Would you please repeat all of the data exactly, omitting the pictures?
Dataset excerpt section start
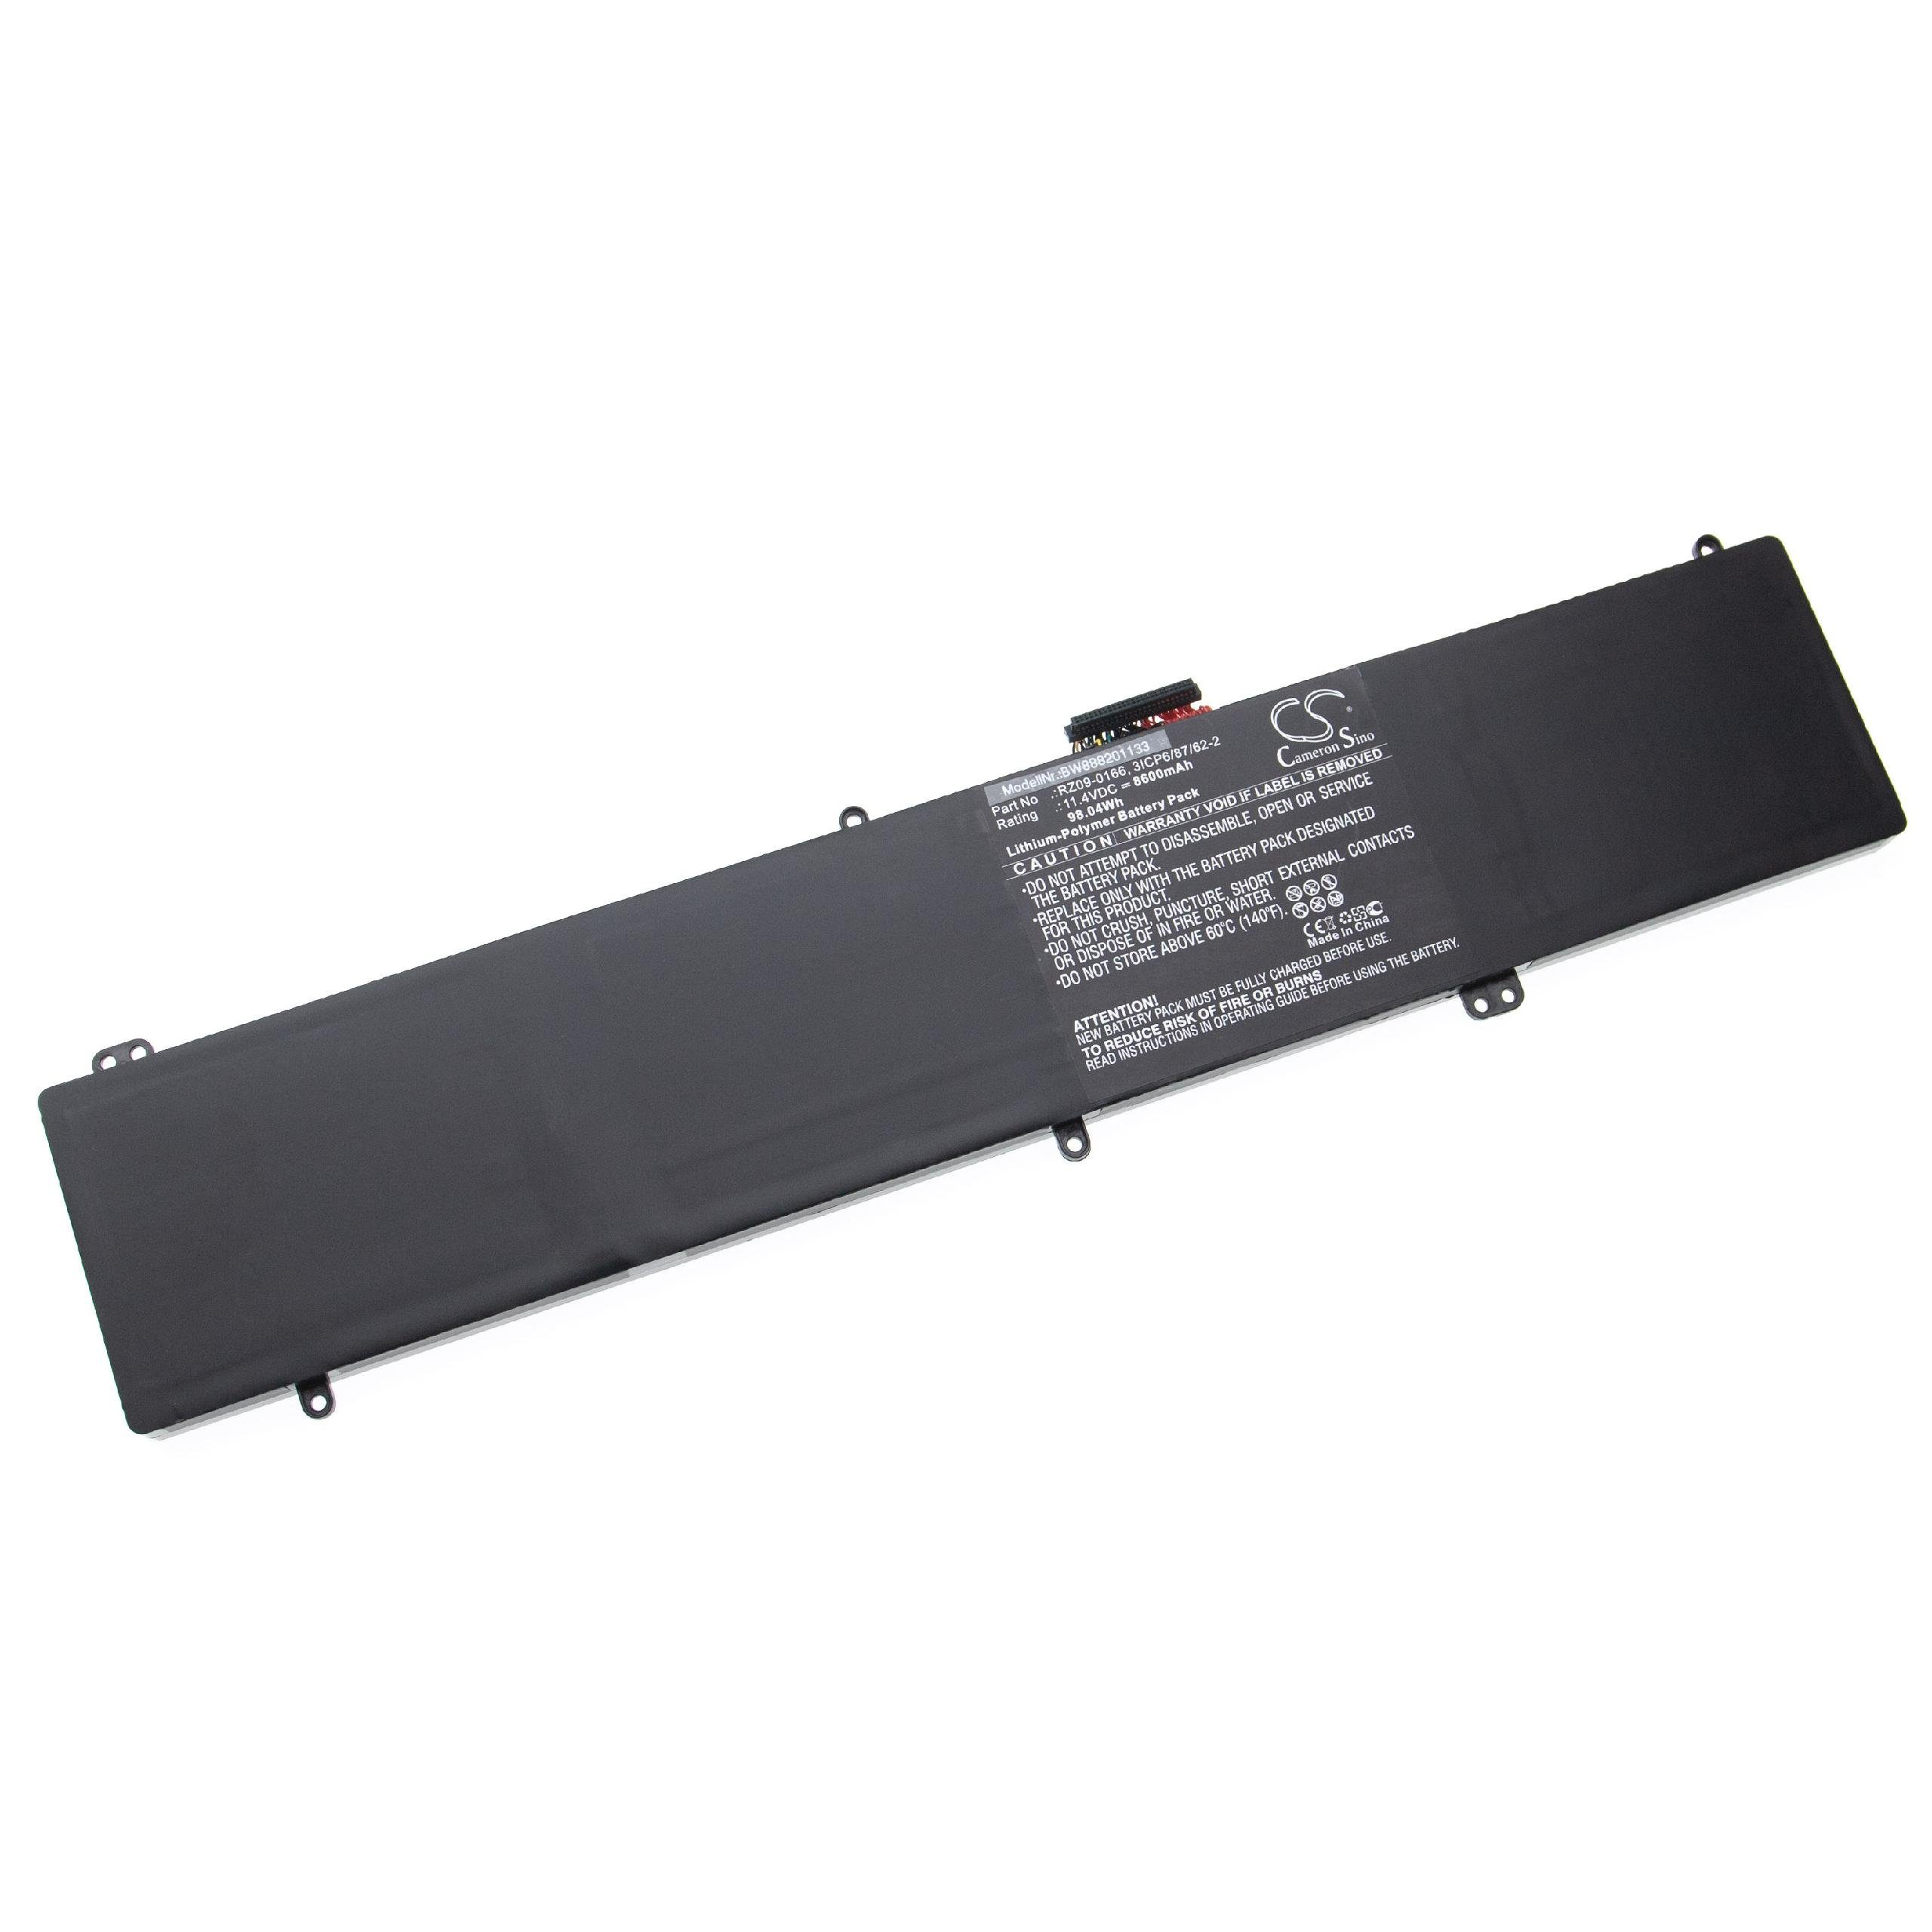 vhbw kompatibel mit Razer Blade RZ09-01663E54-R3B1, RZ09-01663E54-R3U1 Laptop-Akku Li-Polymer 8600 mAh (11,4 V) | Akkus und PowerBanks
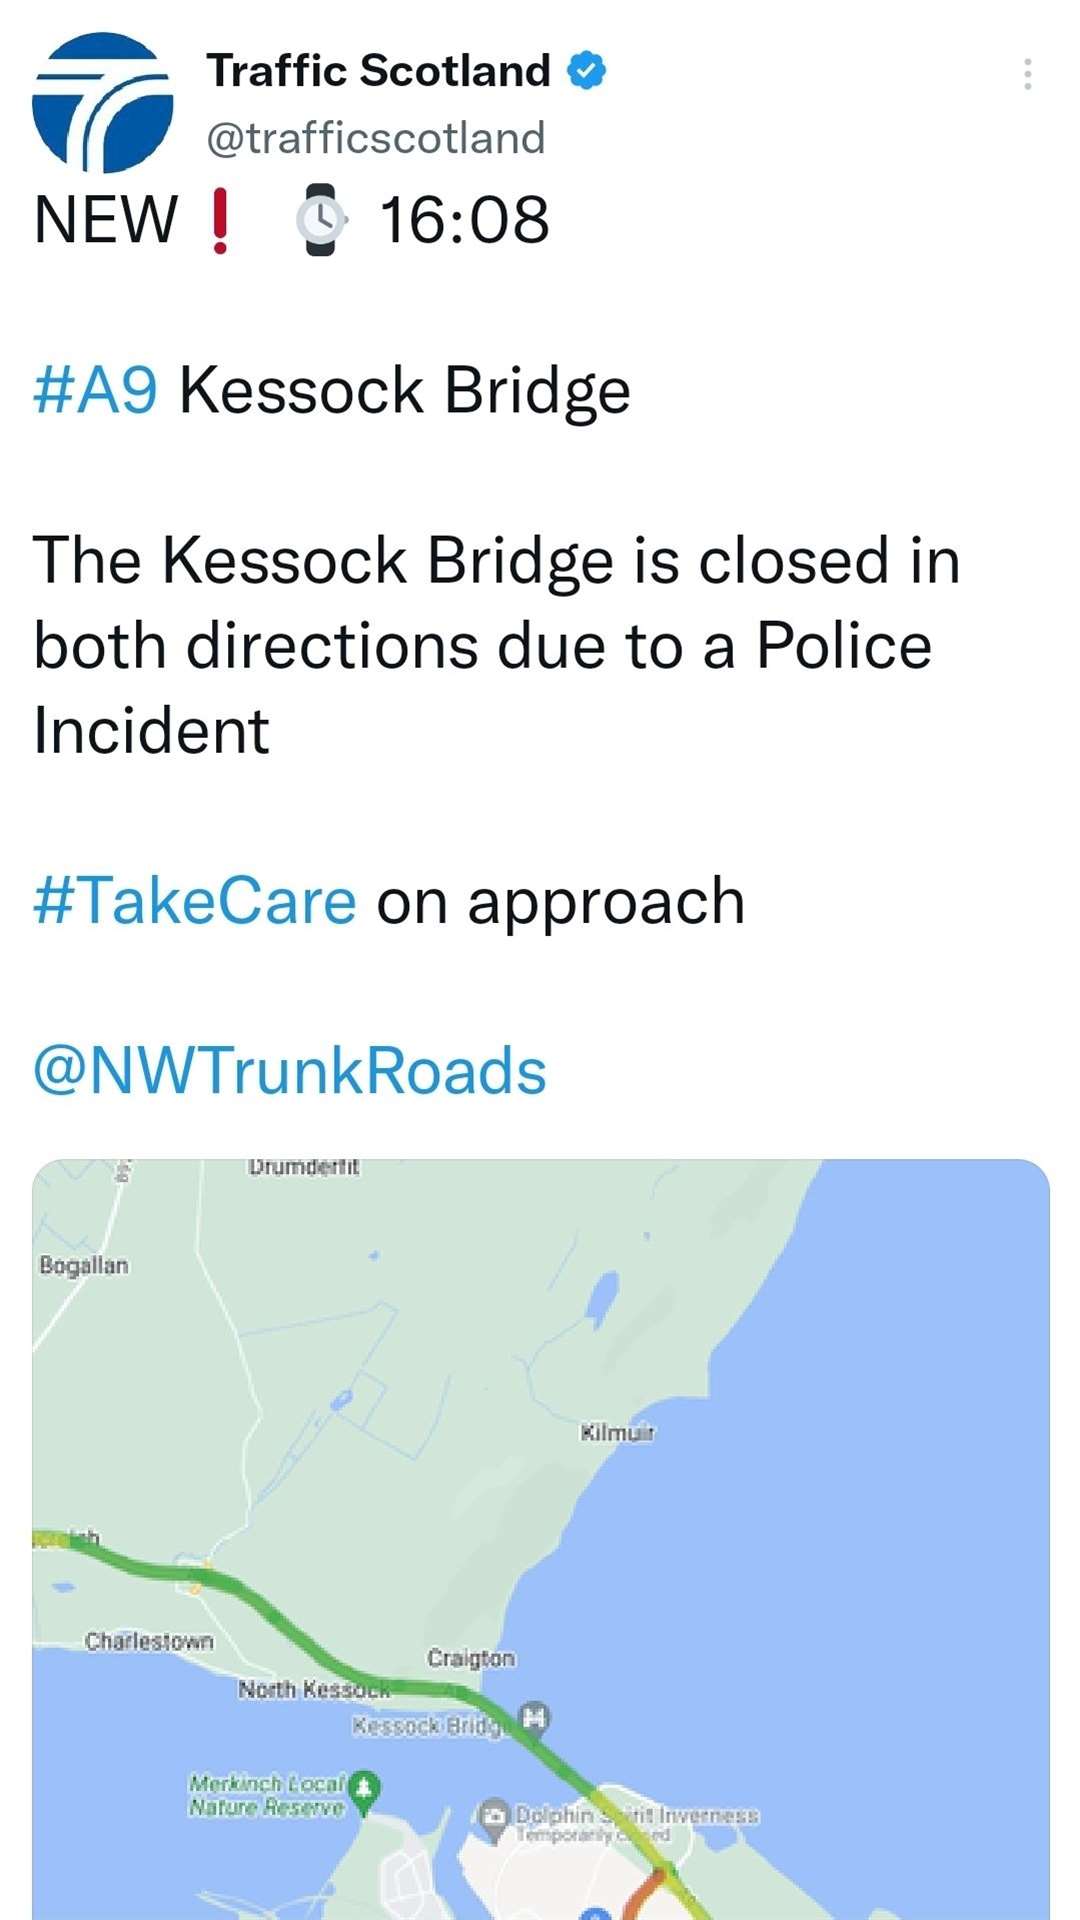 Traffic Scotland alert
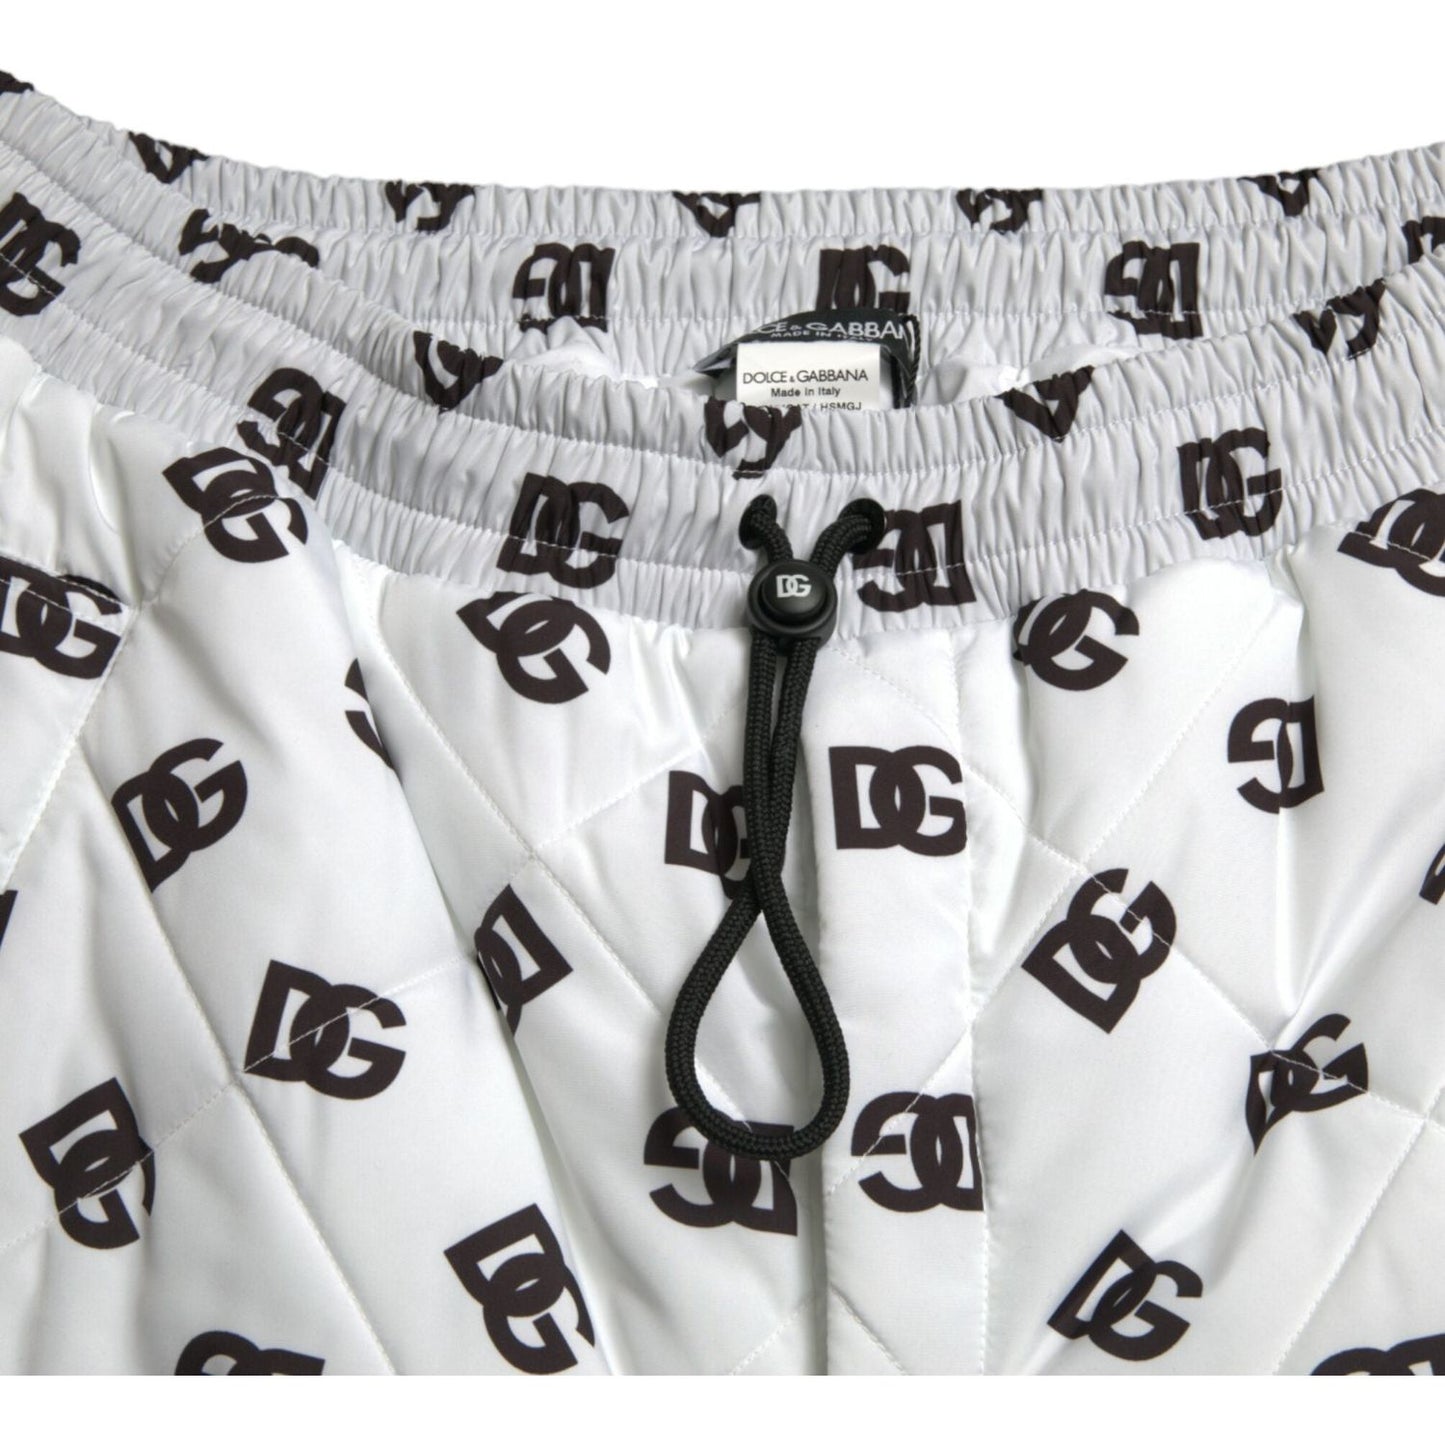 Dolce & Gabbana Chic White Jogger Pants with Iconic DG Print white-logo-dg-print-men-jogger-sweatpants-pants 465A0611-BG-1-scaled-61379940-e65.jpg
Dataset excerpt section end
* _Finished task_:
 vhbw kompatibel mit Razer Blade RZ09-01663E54-R3B1, RZ09-01663E54-R3U1 Laptop-Akku Li-Polymer 8600 mAh (11,4 V) | Akkus und PowerBanks
 Traffic Scotland alert
 Dolce & Gabbana Chic White Jogger Pants with Iconic DG Print white-logo-dg-print-men-jogger-sweatpants-pants 465A0611-BG-1-scaled-61379940-e65.jpg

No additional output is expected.